From the line containing "Pierre-Cardin-Mens-Slim-Fit-Short-Sleeve-Shirt-Casual" down to the line containing "Plus Size Cozy" in the records below, reproduce every line exactly, ends included, and omit all others.

################

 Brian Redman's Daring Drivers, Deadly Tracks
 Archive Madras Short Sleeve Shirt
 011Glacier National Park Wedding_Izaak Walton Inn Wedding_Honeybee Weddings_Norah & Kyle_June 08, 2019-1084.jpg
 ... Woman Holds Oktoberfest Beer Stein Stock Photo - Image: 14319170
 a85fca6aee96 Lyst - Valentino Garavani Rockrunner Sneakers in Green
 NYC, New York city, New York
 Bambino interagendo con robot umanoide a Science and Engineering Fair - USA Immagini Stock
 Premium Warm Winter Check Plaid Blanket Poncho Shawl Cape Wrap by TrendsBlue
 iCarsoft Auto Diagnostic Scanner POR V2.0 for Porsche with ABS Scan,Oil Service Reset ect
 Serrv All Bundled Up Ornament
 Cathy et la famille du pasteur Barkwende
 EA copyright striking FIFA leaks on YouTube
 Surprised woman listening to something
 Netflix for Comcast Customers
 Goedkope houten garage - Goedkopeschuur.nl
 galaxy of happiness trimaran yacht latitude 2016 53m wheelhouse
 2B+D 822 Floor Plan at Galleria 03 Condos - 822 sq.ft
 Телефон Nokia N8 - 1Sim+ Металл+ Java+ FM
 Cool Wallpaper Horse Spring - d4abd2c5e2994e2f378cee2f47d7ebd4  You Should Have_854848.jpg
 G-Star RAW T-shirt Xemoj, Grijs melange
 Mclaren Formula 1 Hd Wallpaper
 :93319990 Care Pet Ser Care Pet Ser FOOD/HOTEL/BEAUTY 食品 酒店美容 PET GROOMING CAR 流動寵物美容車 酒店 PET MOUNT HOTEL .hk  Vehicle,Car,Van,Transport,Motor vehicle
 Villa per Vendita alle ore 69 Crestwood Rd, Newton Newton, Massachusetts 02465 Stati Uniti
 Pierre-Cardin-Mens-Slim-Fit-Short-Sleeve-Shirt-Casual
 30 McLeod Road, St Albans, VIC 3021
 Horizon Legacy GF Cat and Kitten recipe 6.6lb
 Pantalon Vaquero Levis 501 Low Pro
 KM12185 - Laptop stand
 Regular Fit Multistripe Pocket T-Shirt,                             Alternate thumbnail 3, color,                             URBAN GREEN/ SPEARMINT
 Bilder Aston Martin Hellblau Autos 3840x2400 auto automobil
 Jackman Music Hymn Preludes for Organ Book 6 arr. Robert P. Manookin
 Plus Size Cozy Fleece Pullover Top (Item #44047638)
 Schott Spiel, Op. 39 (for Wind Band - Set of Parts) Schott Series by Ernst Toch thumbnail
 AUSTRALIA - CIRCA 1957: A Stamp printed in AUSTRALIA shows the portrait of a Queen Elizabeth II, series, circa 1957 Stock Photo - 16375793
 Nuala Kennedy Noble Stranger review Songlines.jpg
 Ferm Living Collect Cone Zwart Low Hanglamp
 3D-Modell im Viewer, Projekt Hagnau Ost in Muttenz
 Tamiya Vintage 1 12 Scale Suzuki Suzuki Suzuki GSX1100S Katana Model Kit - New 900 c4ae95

################

[Expected output]
 Pierre-Cardin-Mens-Slim-Fit-Short-Sleeve-Shirt-Casual
 30 McLeod Road, St Albans, VIC 3021
 Horizon Legacy GF Cat and Kitten recipe 6.6lb
 Pantalon Vaquero Levis 501 Low Pro
 KM12185 - Laptop stand
 Regular Fit Multistripe Pocket T-Shirt,                             Alternate thumbnail 3, color,                             URBAN GREEN/ SPEARMINT
 Bilder Aston Martin Hellblau Autos 3840x2400 auto automobil
 Jackman Music Hymn Preludes for Organ Book 6 arr. Robert P. Manookin
 Plus Size Cozy Fleece Pullover Top (Item #44047638)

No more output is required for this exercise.